В этом же году началось формирование других бронетанковых частей: 5 отдельных мехбригад, 2 танковых полков, 12 механизированных полков, 4 механизированных дивизионов для кавалерийских дивизий, 15 танковых и 65 танкеточных батальонов для стрелковых дивизий. В результате численность личного состава автобронетанковых войск к январю 1933 года по сравнению с 1931 годом увеличилась в 5,5 раза, а их удельный вес в армии вырос с 1,6 до 9,1 процента.

В 1938 году механизированные корпуса были реорганизованы и переименованы в танковые. Теперь в состав каждого входили две танковые и одна стрелково-пулеметная бригада: 12 364 человека, 660 танков и 118 орудий. В следующем году количество танковых корпусов в Красной Армии увеличилось до четырех. В сентябре 1939 года два из них – 15-й и 25-й – участвовали в присоединении к «семье единой» Западной Украины и Западной Белоруссии.

В это же время интенсивно развивались и советские ВВС. Теория глубокой операции придавала большое значение завоеванию господства в воздухе в начальном периоде боевых действий. Поскольку советской военной теорией был сделан «правильный вывод» о том, что современные войны «будут начинаться внезапно, без формального объявления войны», то господство в воздухе планировалось достичь внезапными ударами по аэродромам противника. Поэтому приоритет при строительстве военно-воздушных сил отдавался фронтовым бомбардировщикам среднего радиуса действия и штурмовой авиации. Летчики-истребители также обучались преимущественно штурмовке наземных объектов и оказанию содействия сухопутным войскам. Стратегическая авиация не создавалась. Зато планировалось иметь миллион парашютистов и десять воздушно-десантных корпусов.

Основные положения теории глубокой операции проверялись и оттачивались на маневрах Киевского военного округа в 1935 году, маневрах Московского и Одесского и других округов в 1936 году, в боях на реке Халхин-Гол в 1939 году. Из-за отсутствия опыта инженерного и материального обеспечения крупных подвижных соединений, достаточных навыков командного состава в управлении ими, в действиях танковых корпусов были вскрыты различного рода недочеты. Основываясь на этом, Главный военный совет Красной Армии 21 ноября 1939 года постановил расформировать танковые корпуса. Вместо них решили создавать отдельные моторизованные дивизии, которые предполагалось использовать как эшелон развития успеха общевойсковых армий, а также в составе конно-механизированных групп.

Однако после неожиданно быстрого разгрома Франции Наркомат обороны, обсудив опыт боев в Европе, в июне 1940 года принял решение о формировании механизированных корпусов новой организации, отдельных танковых и механизированных дивизий, а также танковых бригад.

Советская танковая дивизия «образца 1940 года» состояла из двух танковых (по четыре батальона), мотострелкового и гаубичного артиллерийского полков.
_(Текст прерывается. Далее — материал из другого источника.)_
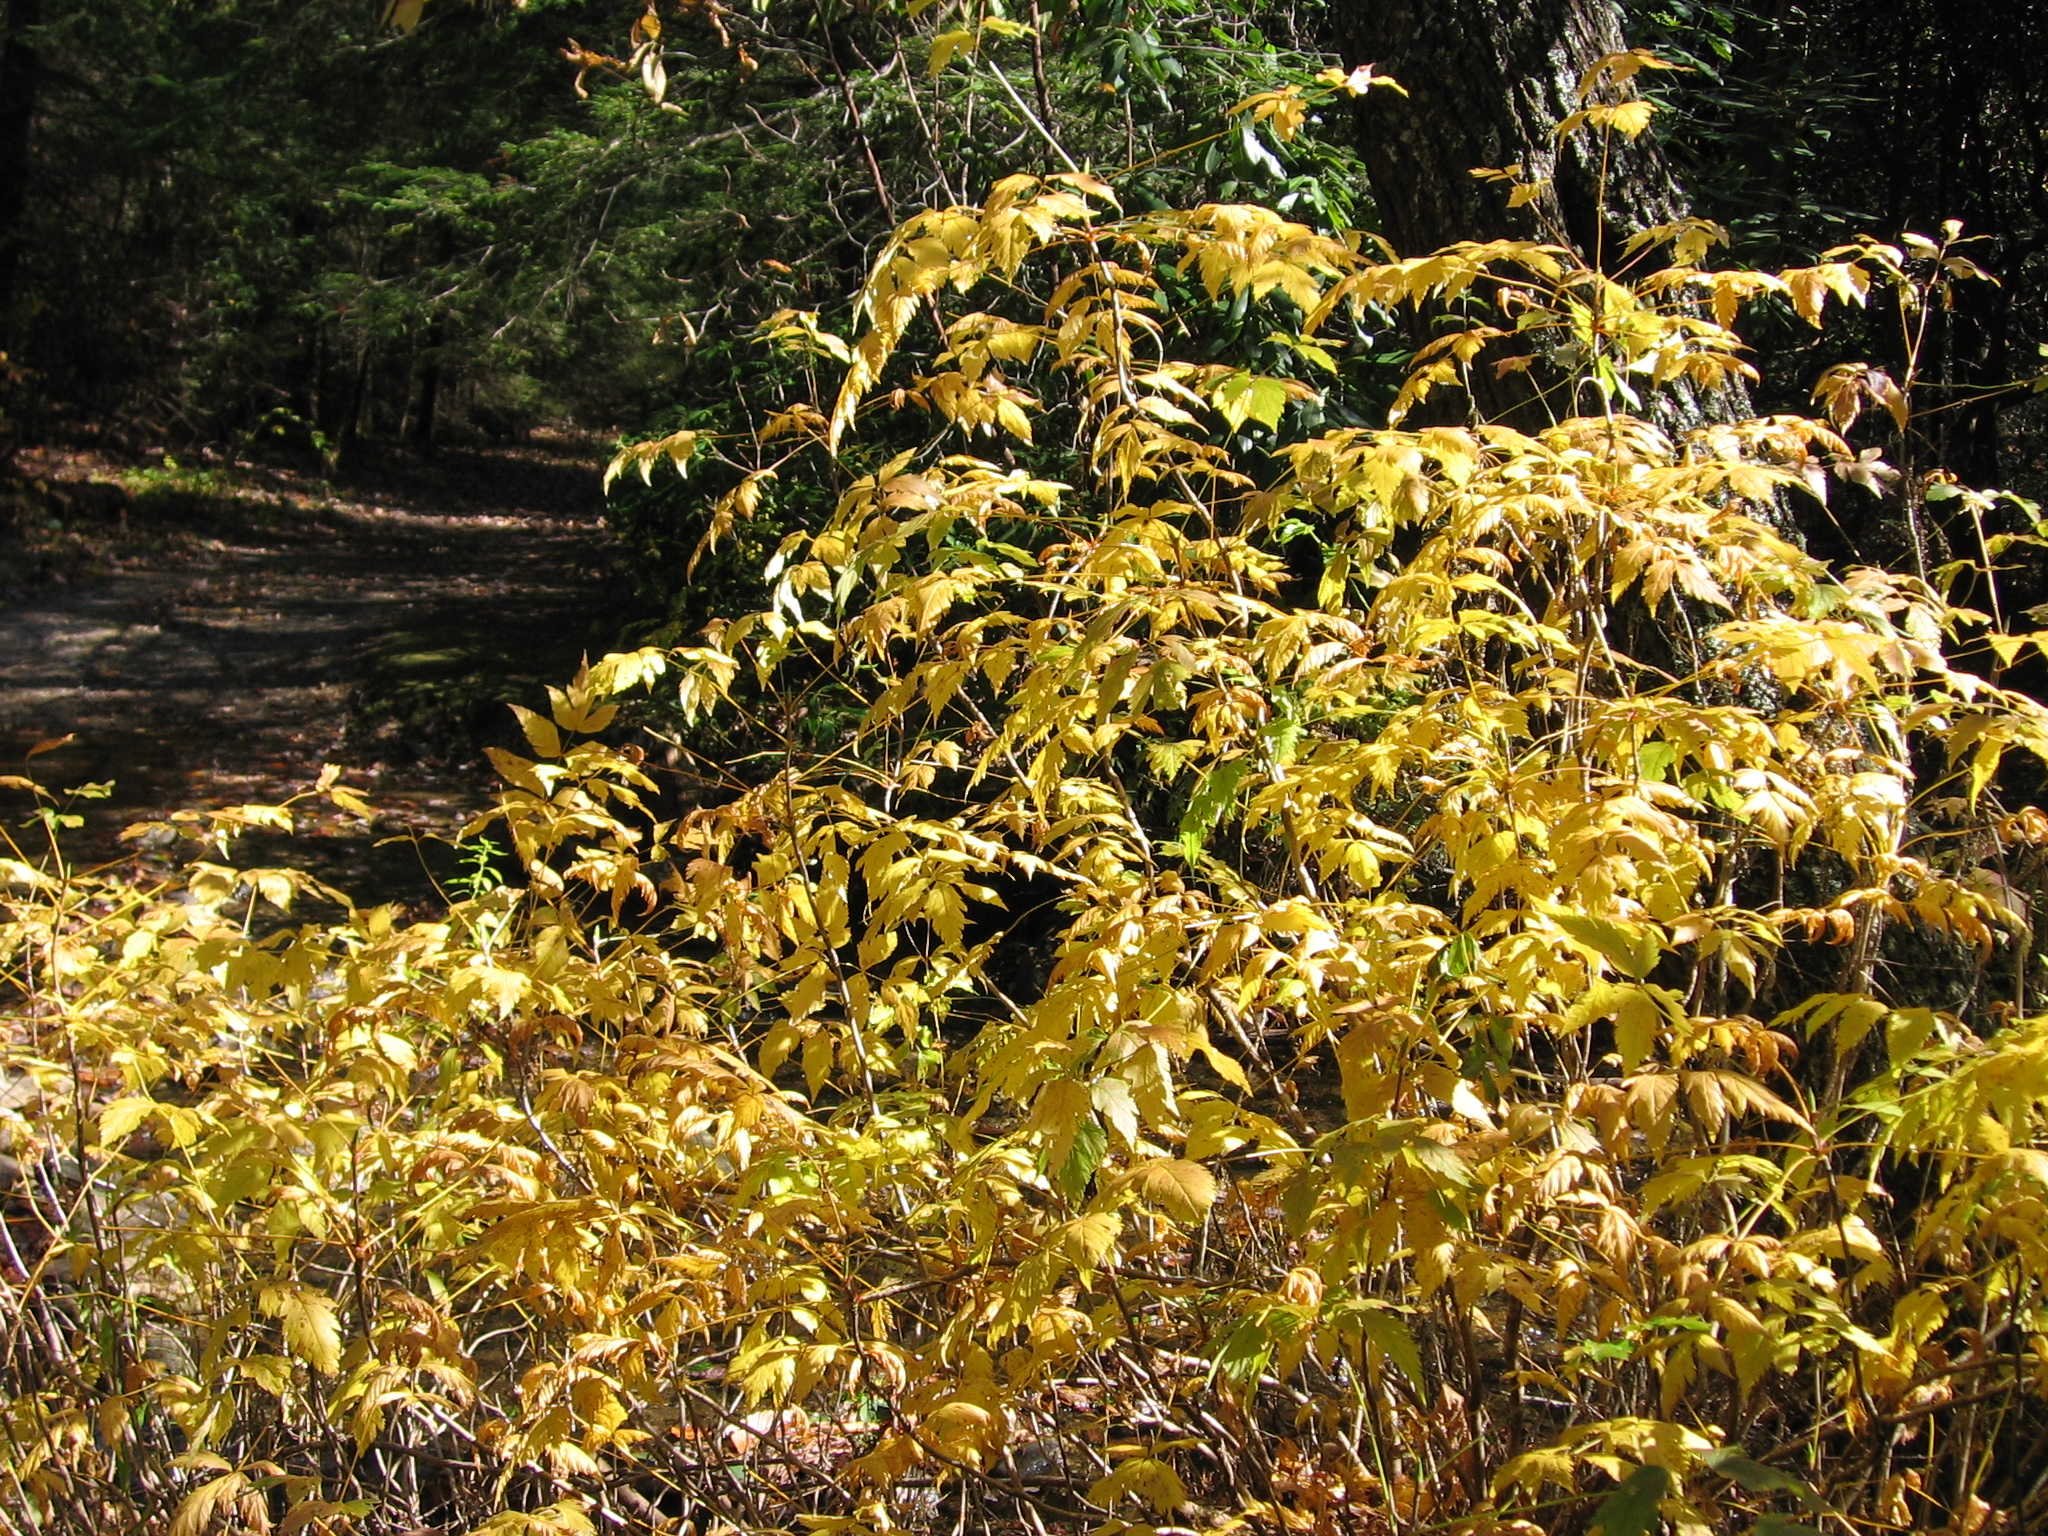 Yellowroot fall color pic
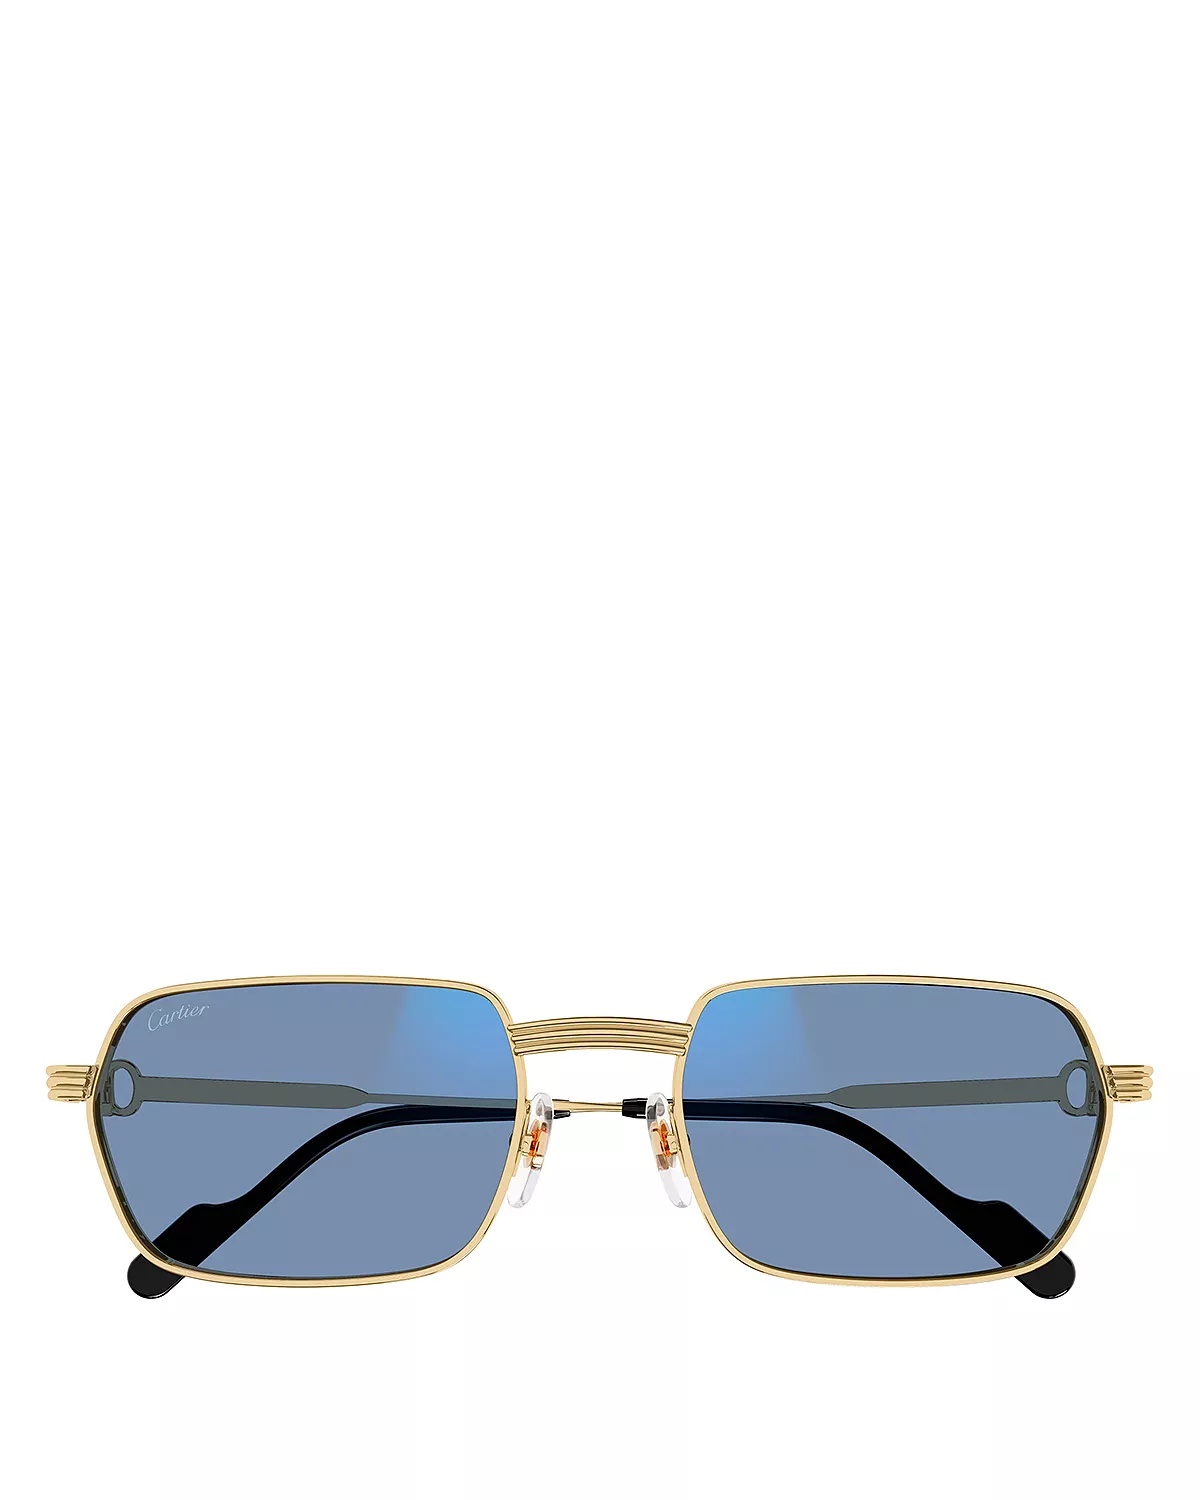 Premiere De Cartier 24 Carat Gold Plated Photochromatic Rectangular Sunglasses, 56mm - 5

В ней предусматривалось иметь 375 танков (из них 63 КВ, 210 Т-34 и 102 Т-26 и ВТ), 95 бронеавтомобилей, около 60 орудий и минометов, 11 343 человека личного состава.

В советской механизированной дивизии, в отличие от германской, имелись два мотострелковых, танковый и артиллерийский полки. Всего по штату 275 танков, 49 бронеавтомобилей, около 100 орудий и минометов, 11650 человек.

Как отмечалось выше, ни пехотные, ни кавалерийские дивизии вермахта танков не имели вообще. Советской стрелковой дивизии по штату, утвержденному в апреле

1941 года, полагалось иметь в своем составе 14483 человека, 78 полевых орудий, 54 противотанковые пушки, 12 зенитных орудий, 150 минометов, 13 бронеавтомобилей и 16 танков, но некоторые имели по 60–70 танков. В кавалерийской дивизии было 64 танка. Танки полагались даже воздушно-десантным бригадам.

Сталин готовился к войне серьезно. К июню 1941 года он имел 61 танковую и 31 моторизованную дивизии (и формировал еще столько же: в марте нумерация танковых дивизий перевалила за сотню, например, А.Л. Гетман был назначен в это время командиром 112-й танковой).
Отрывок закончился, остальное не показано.